PEST-CHEMGRIDS Global Pesticide Application Rates¶
Global Pesticide Grids (PEST-CHEMGRIDS) v1.01 provides globally gridded estimates of the 20 most-used pesticide active ingredients applied to 6 dominant crops and 4 aggregated crop classes at 5 arc-minute resolution (~10 km at the equator). The dataset includes estimates for 2015 with projections to 2020 and 2025, addressing the critical need for geographically explicit pesticide data to assess human and ecosystem exposure to agricultural chemicals.
The FAO reports that 4.1 million tonnes of pesticide substances were applied globally in 2015, representing a 35% increase since 2000. With projected population growth to 9.77 billion people by 2050 and continued land conversion into arable production, global pesticide applications are likely to increase. PEST-CHEMGRIDS provides crucial data to understand the global-scale distribution and trends of pesticide use, enabling environmental modeling, contamination assessment, and risk analysis from local to continental scales.
You can read the full paper here and access the original dataset here.
Dataset Description¶
PEST-CHEMGRIDS was developed through spatial statistical methods that re-analyze the USGS Pesticide National Synthesis Project (USGS/PNSP) and FAO Corporate Statistical Database (FAOSTAT) pesticide databases. The methodology integrates these pesticide inventories with globally gridded data on soil physical properties, hydroclimatic variables, agricultural quantities, and socioeconomic indices to estimate pesticide application rates at global scales.
The dataset encompasses:
- 95 active ingredients: The 20 most-used pesticide active ingredients for each crop class, totaling 95 unique substances
- 10 crop types: 6 dominant crops (corn, soybean, wheat, cotton, rice, alfalfa) and 4 aggregated crop classes (vegetables and fruits, orchards and grapes, pasture and hay, other crops)

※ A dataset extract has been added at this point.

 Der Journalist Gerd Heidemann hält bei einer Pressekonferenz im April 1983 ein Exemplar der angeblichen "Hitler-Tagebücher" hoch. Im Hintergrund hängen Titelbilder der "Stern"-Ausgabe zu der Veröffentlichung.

- 3 time periods: Base year 2015, with projections to 2020 and 2025
- Spatial resolution: 5 arc-minute (~10 km at equator)

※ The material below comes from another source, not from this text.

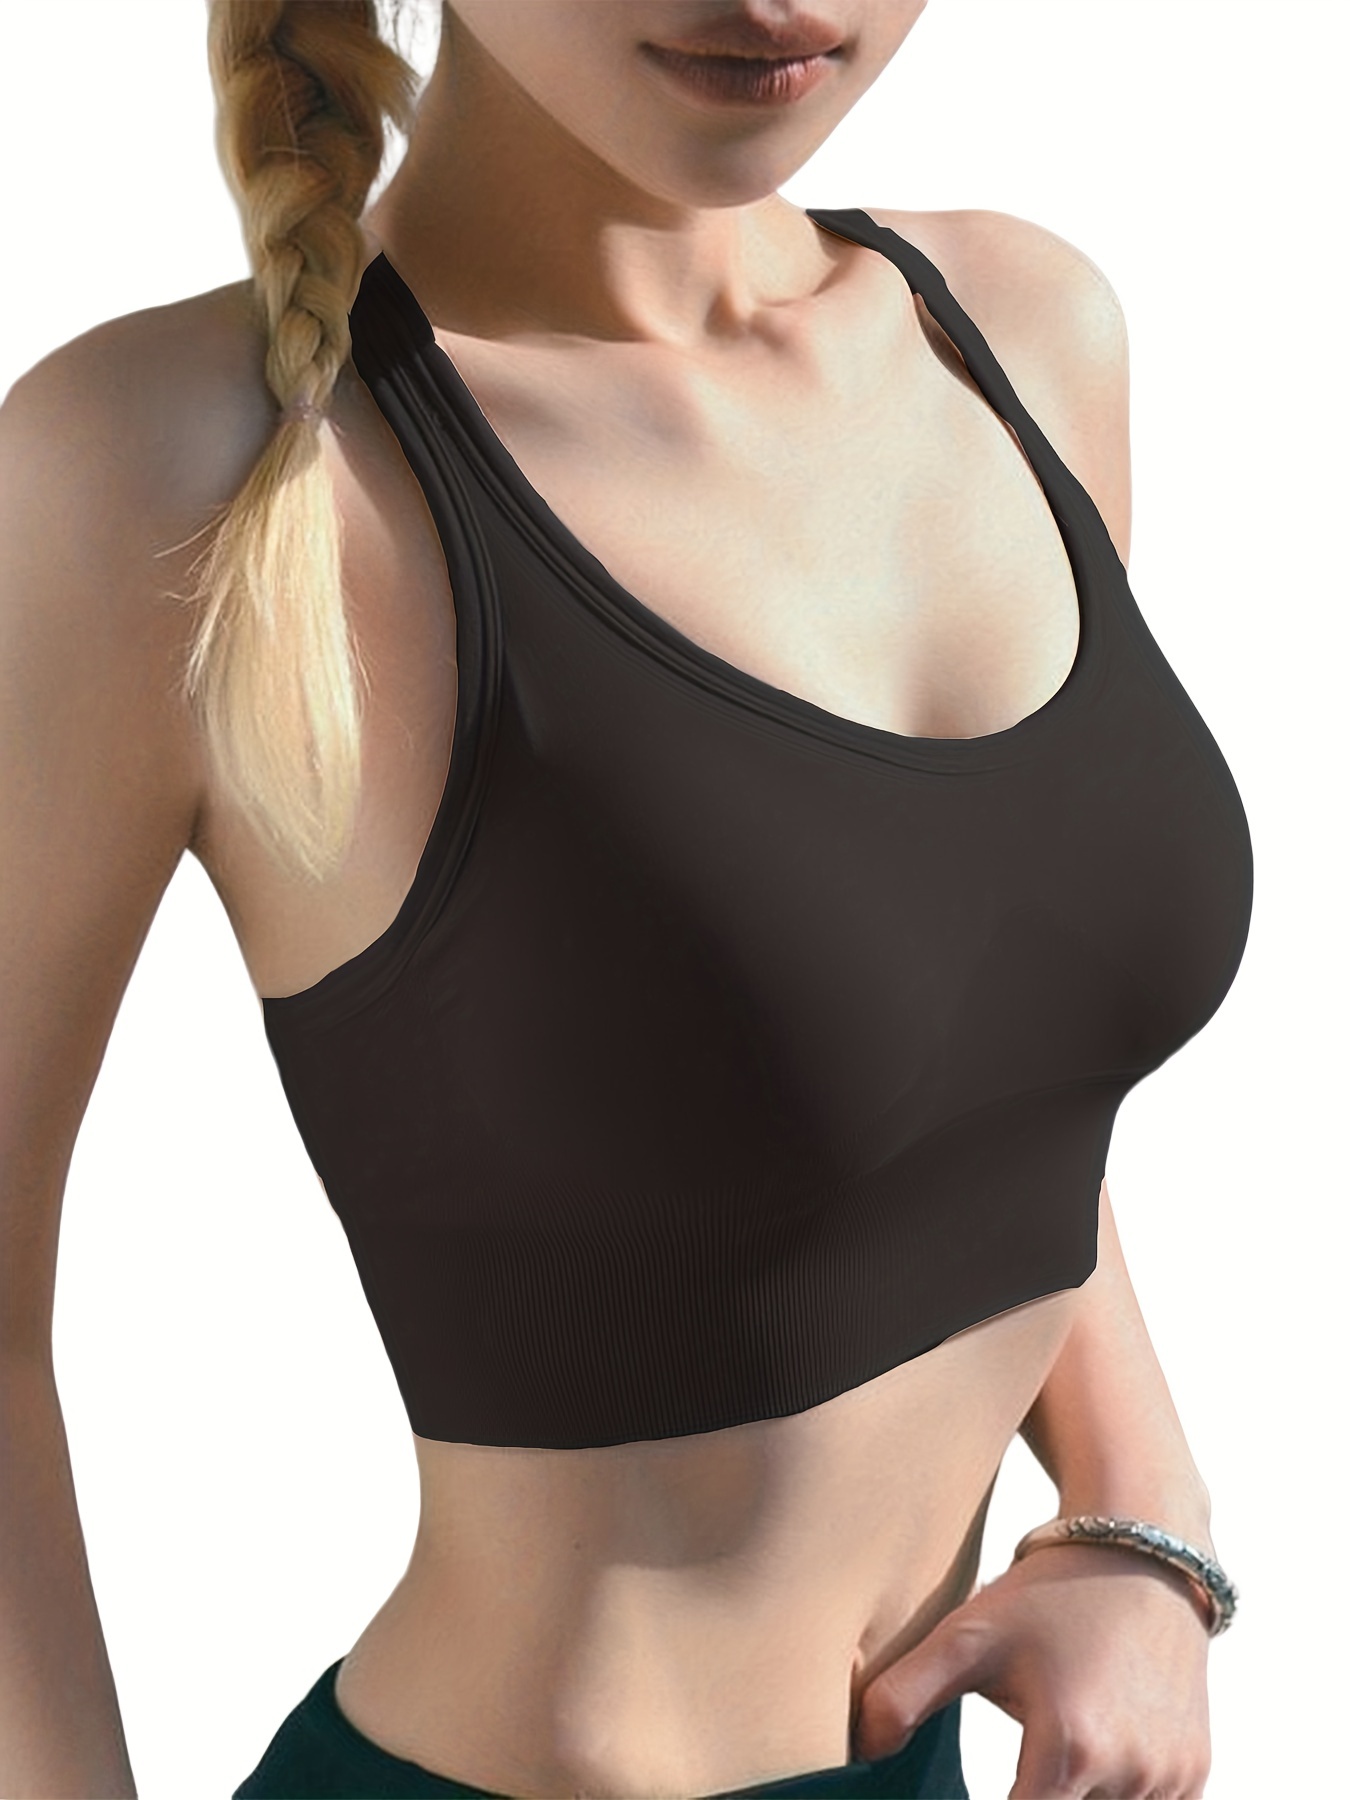 Shop Generic Women Sports Bra Shockproof Underwear Crop Top Bras

- Coordinate system: WGS84
- Pesticide classes: 60 herbicides, 22 fungicides, 20 insecticides, 8 acaricides, 6 nematicides, 5 plant growth regulators, and 1 repellent
Data Structure¶
The dataset is organized into three separate Earth Engine ImageCollections:
projects/sat-io/open-datasets/PEST-CHEMGRIDS/application_rates:- Contains both HIGH and LOW estimate application rates
- Annual application rates in kg per hectare per year (kg/ha-year)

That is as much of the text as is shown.